What problem it aims to solve:
ADAPT-AQC only applies layers in two-qubit blocks, which means that in certain situations ADAPT-AQC won't be able to find the optimal depth solution. A good example of this is when only a subset of the qubits are entangled. To demonstrate why, for the extreme case of compiling the $n$ qubit $|++..+\rangle$ state, ADAPT-AQC without this feature will need to apply $n$ CNOT gates. By contrast, with initial_single_qubit_layer=True, a solution can be found in depth 1 with no CNOT gates. It is possible the same issue can arise for any target state, if during compiling ADAPT-AQC is left with an intermediate low-entangled state.
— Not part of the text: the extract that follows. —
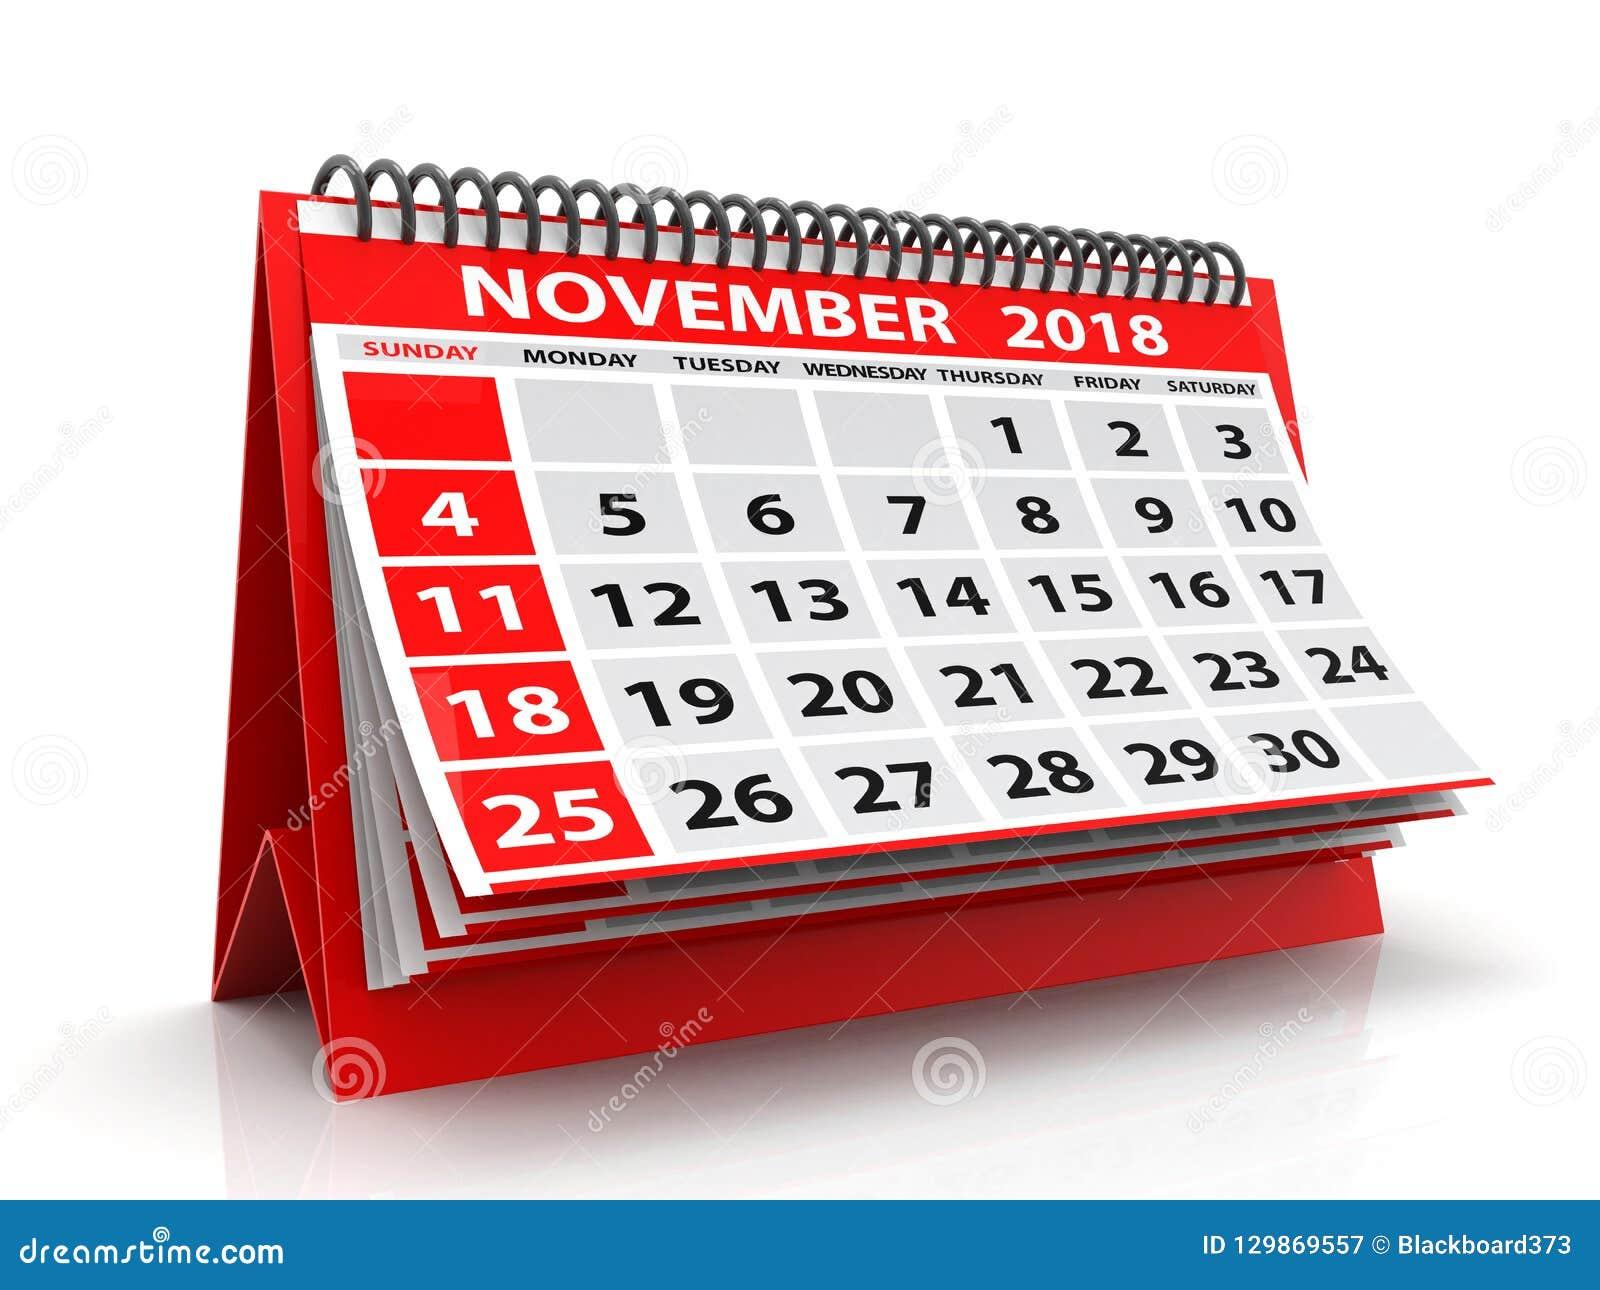 Spiral kalender November 2018 November 2018 kalender i vit bakgrund illustration 3d

AdaptCompiler.compile_in_parts()

What is it:
Compiling in parts, (also called ladder-ADAPT-AQC), is the idea of splitting up a circuit into chunks that we compile sequentially. For example, given a depth 50 circuit $U_ {50}|0\rangle$, we can compile the first 10 depth of gates $U_{0-10}|0\rangle$ to produce $V_{0-10}^\dagger|0\rangle \approx U_{0-10}|0\rangle$. This can then be used to construct a new target $U_{11-20}V_{0-10}^\dagger|0\rangle$.

A particularly good example of this is for time evolution circuits. Here, we start by compiling only the first Trotter step. Once we have a solution $V^\dagger_1$, we append a Trotter step to it and use it as the target state for compiling 2 Trotter steps worth of evolution. We can "ladder" this all the way to the desired number of Trotter steps. This is shown in Fig.7 of https://arxiv.org/abs/2002.04612.
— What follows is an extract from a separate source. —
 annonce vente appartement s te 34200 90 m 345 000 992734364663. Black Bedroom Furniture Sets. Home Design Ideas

When applied to time dynamics, compiling in parts is also referred to as restarted quantum dynamics (https://arxiv.org/abs/1910.06284), iterative variational Trotter compression (https://arxiv.org/abs/2404.10044) and compressed quantum circuits (https://arxiv.org/abs/2008.10322). There are inevitably more references using the same idea.
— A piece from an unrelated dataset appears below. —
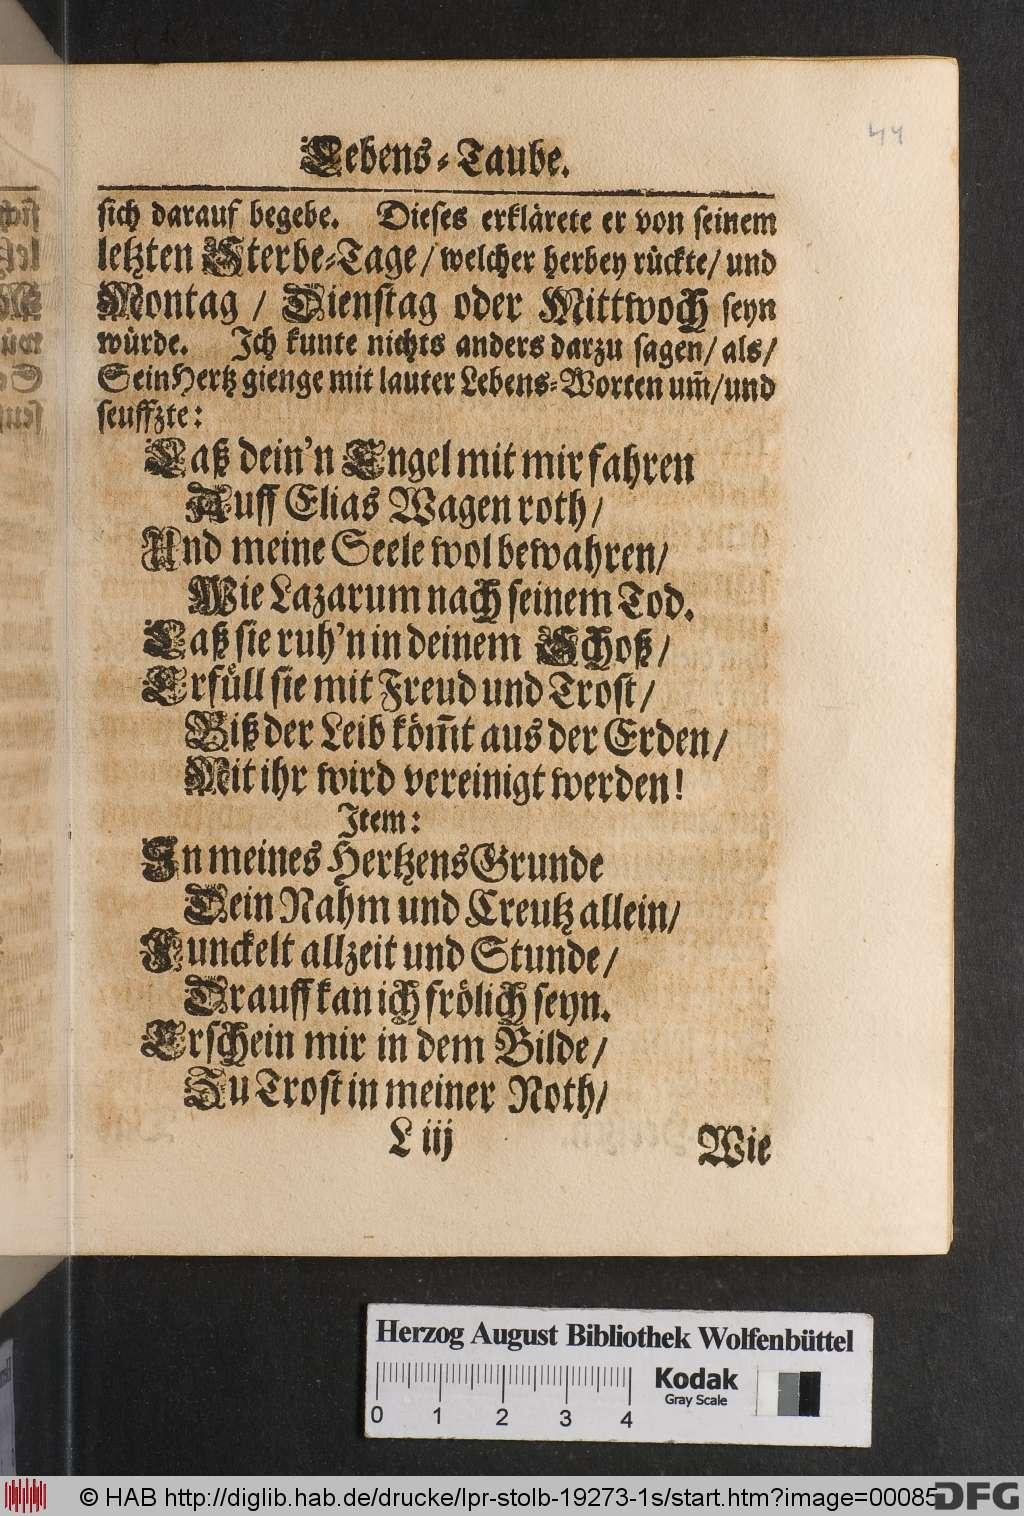 http://diglib.hab.de/drucke/lpr-stolb-19273-1s/00085.jpg

What problem it aims to solve:
There are two key benefits to compiling in parts. Firstly, compiling smaller chunks makes each individual optimisation problem easier and less likely to suffer from trainability issues. If we consider the extreme case of compiling one gate at a time, it is clear that compiling only needs to learn the application of one more gate on the starting state.

Secondly, if running approximate quantum compiling on real quantum hardware, compiling in parts allows one to limit the depth of any circuit executed. For example, if the target circuit has a depth of 20, but a device is limited to depth 10 before noise ruins the computation, one can compile in blocks of 5 depth at a time. If successful, $V^\dagger$ will never be deeper than $U$, meaning that the compiling circuit $V^\dagger U |0\rangle$ will never be more than 10 depth.

There are two key drawbacks to compiling in parts. Firstly, we need to solve several sequential compilation problems, which can take longer than compiling the entire circuit at once (if possible). Secondly, the approximation error of each individual solution will multiply every time it is used as the input for the next compiling. Thus the approximation error of the final solution grows exponentially. For example, if we compile 18 sub-circuits one at a time, with a sufficient overlap for each one of $0.99$, the overlap of the final solution would be $0.99^{18} = 0.83$. Thus, one would need to instead use a much higher sufficient overlap of 0.9995 for each sub-ciruit to get the desired final overlap of $0.99$.